::: Data segment

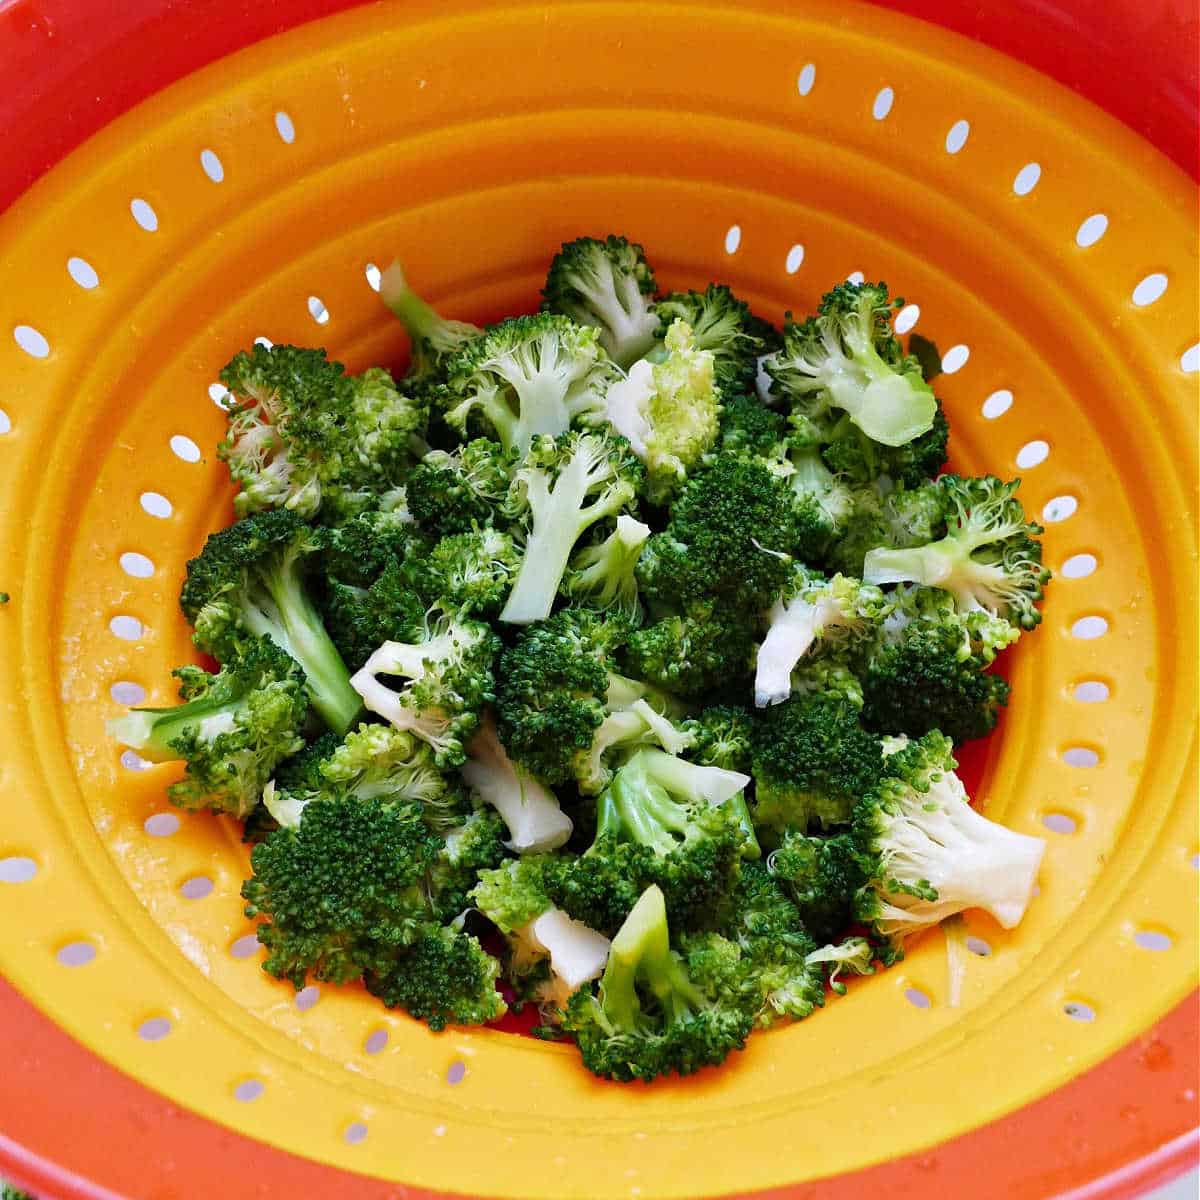 boiled broccoli drained in a colander
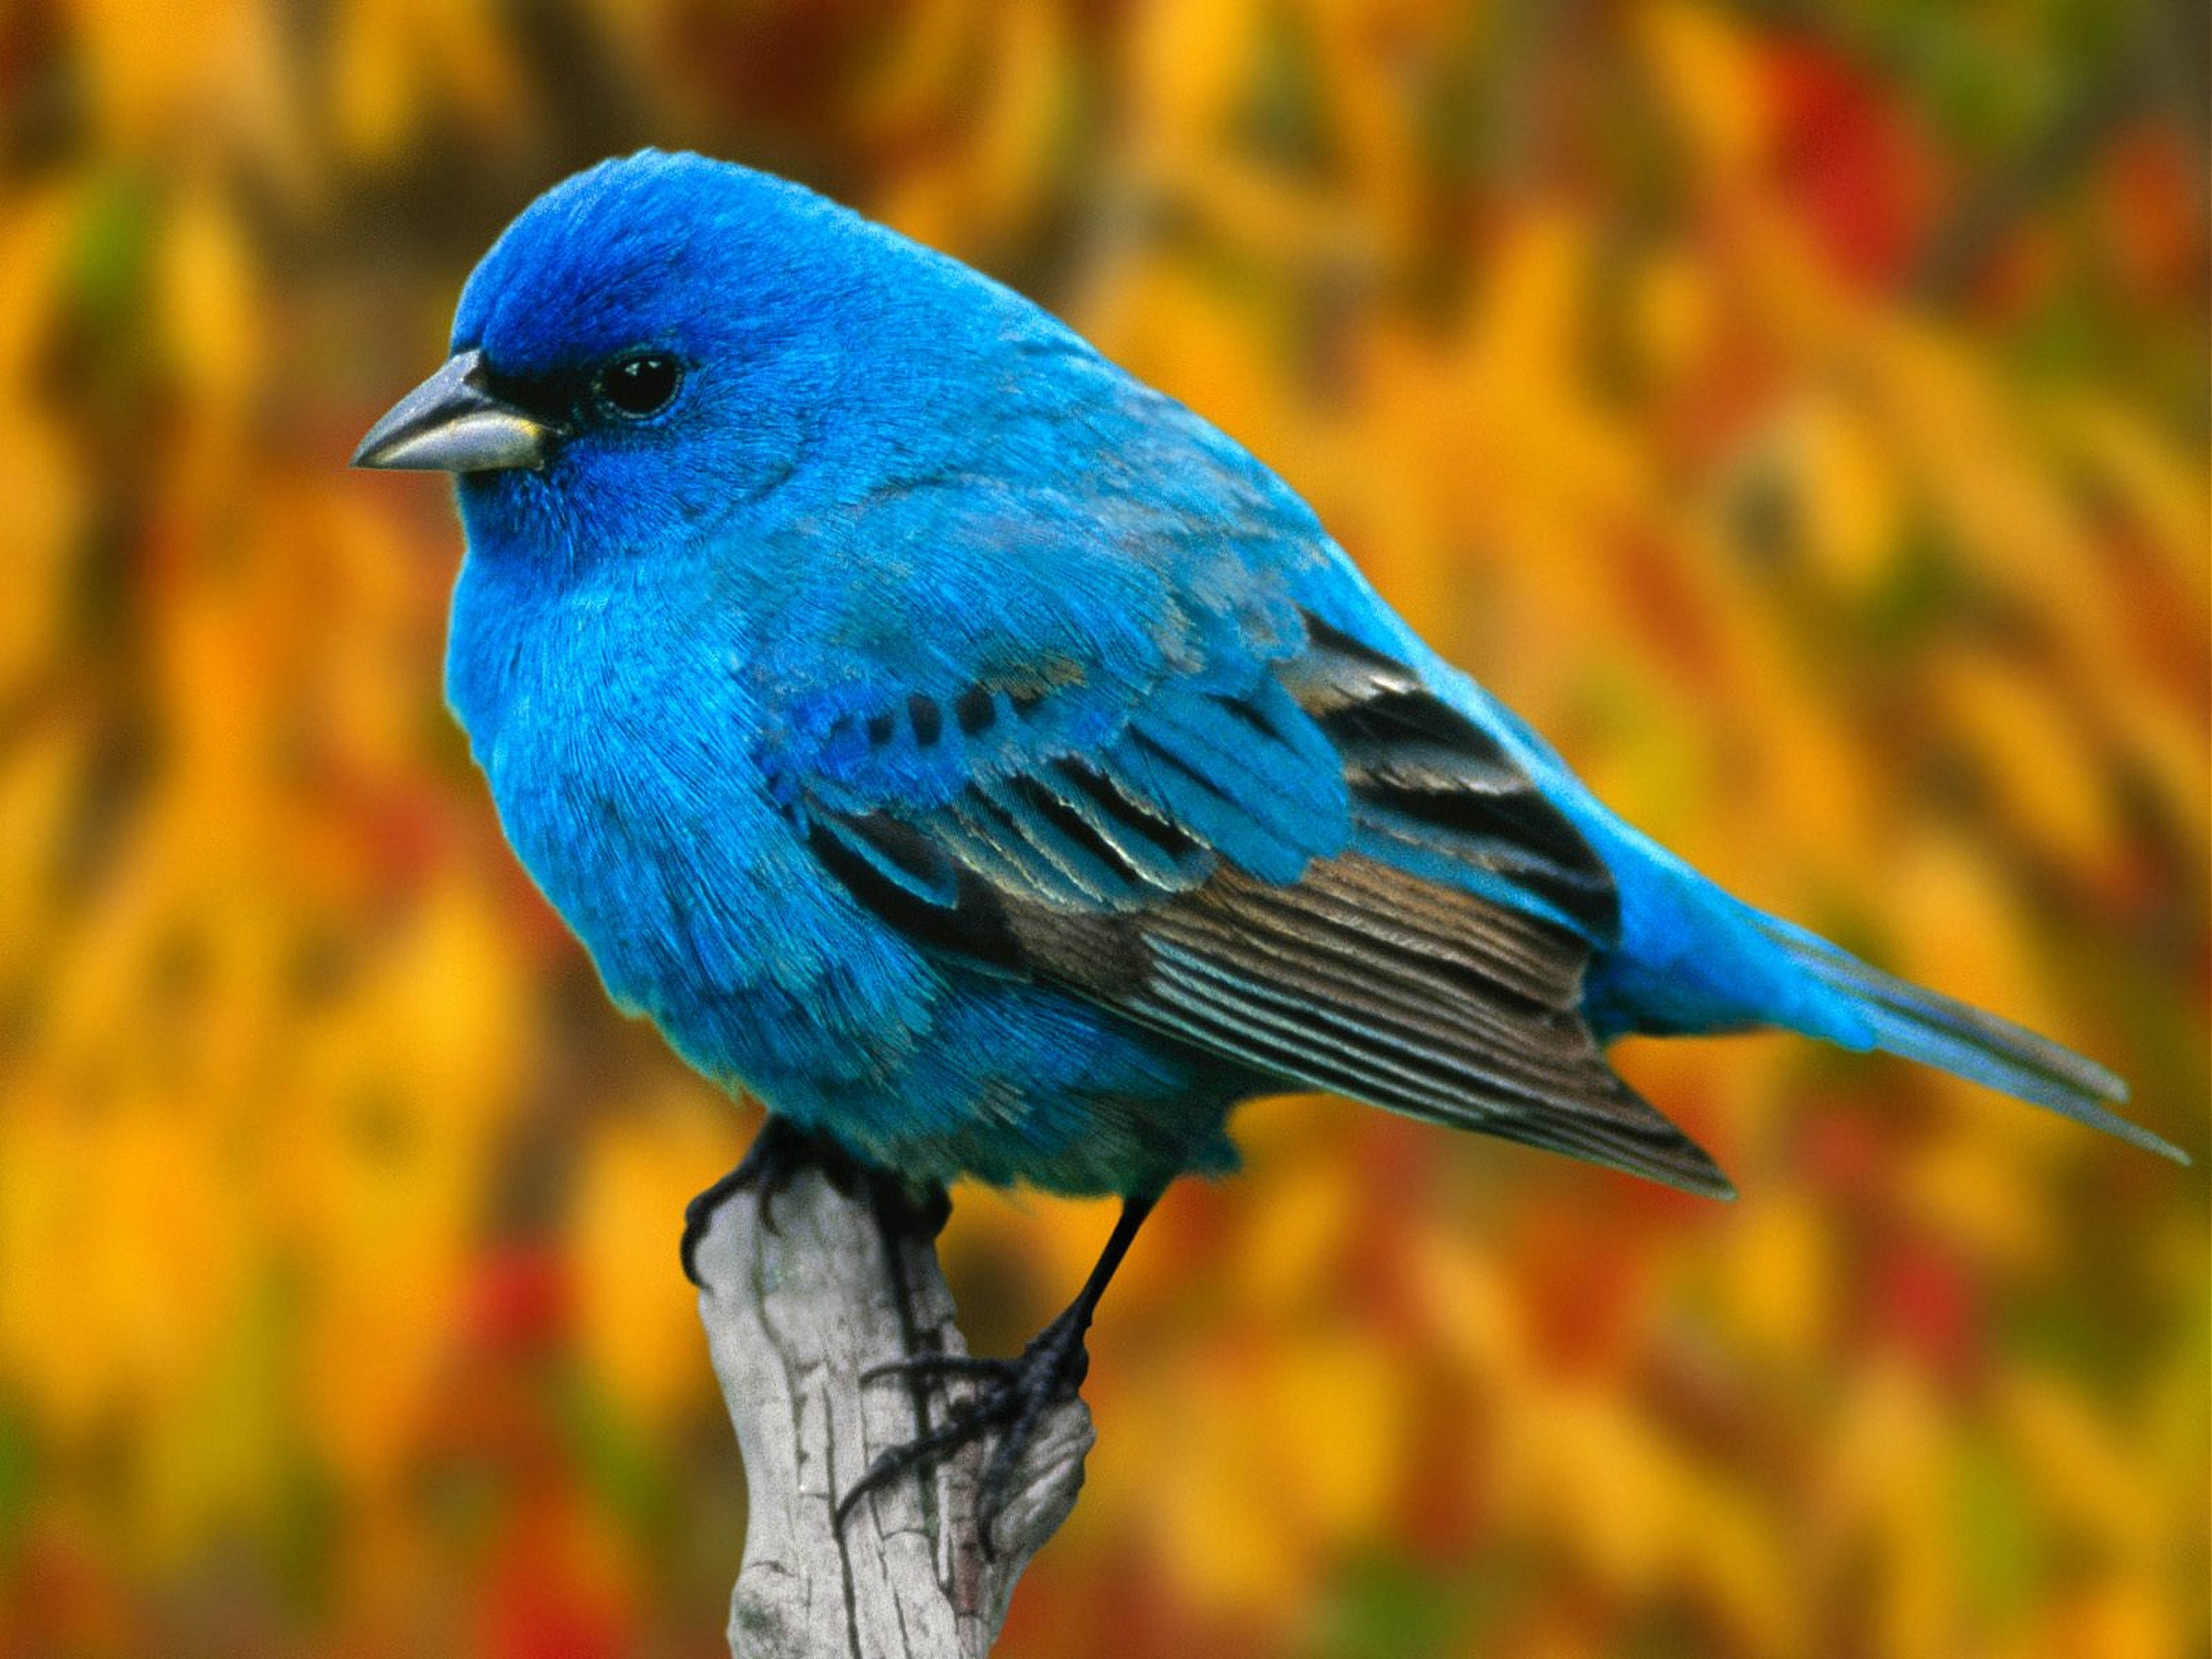 A bird with blue feathers
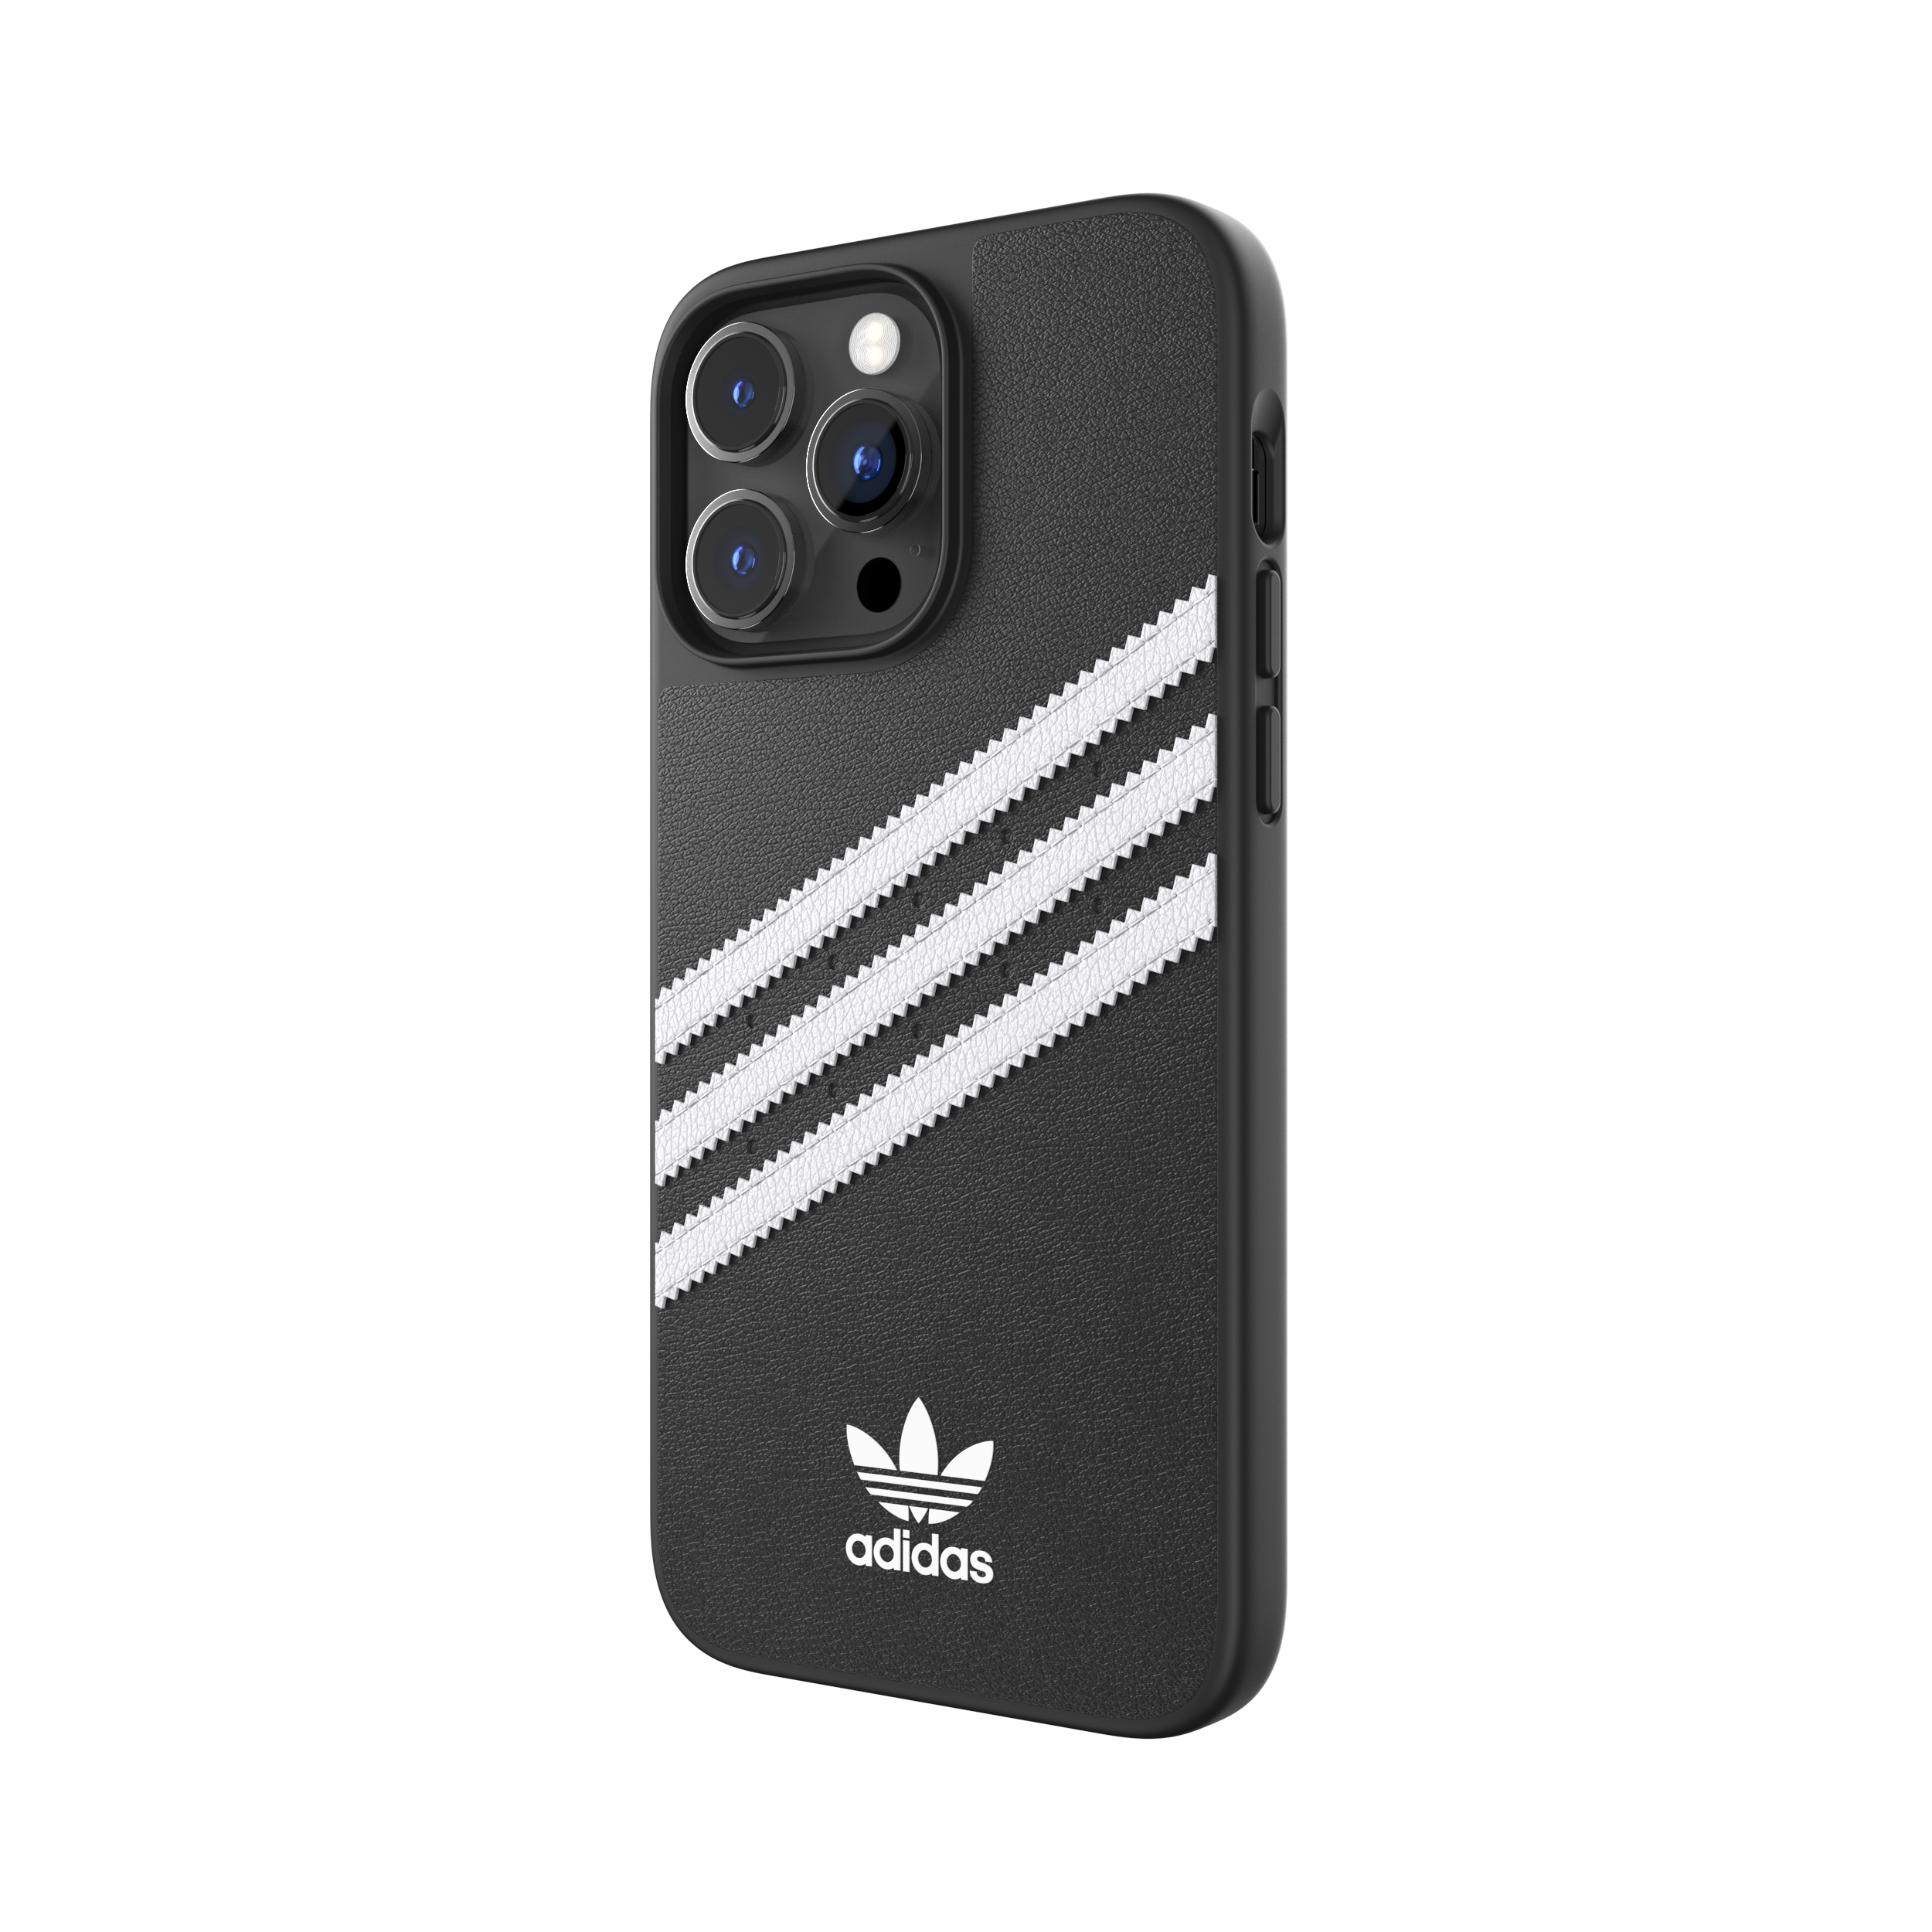 IPHONE MAX, PRO ADIDAS PU, 14 BLACK Case APPLE, Moulded Backcover,

::::::

The required output is the listing above reproduced exactly, pictures removed.

* Result of this exercise
 boiled broccoli drained in a colander
 A bird with blue feathers
 IPHONE MAX, PRO ADIDAS PU, 14 BLACK Case APPLE, Moulded Backcover,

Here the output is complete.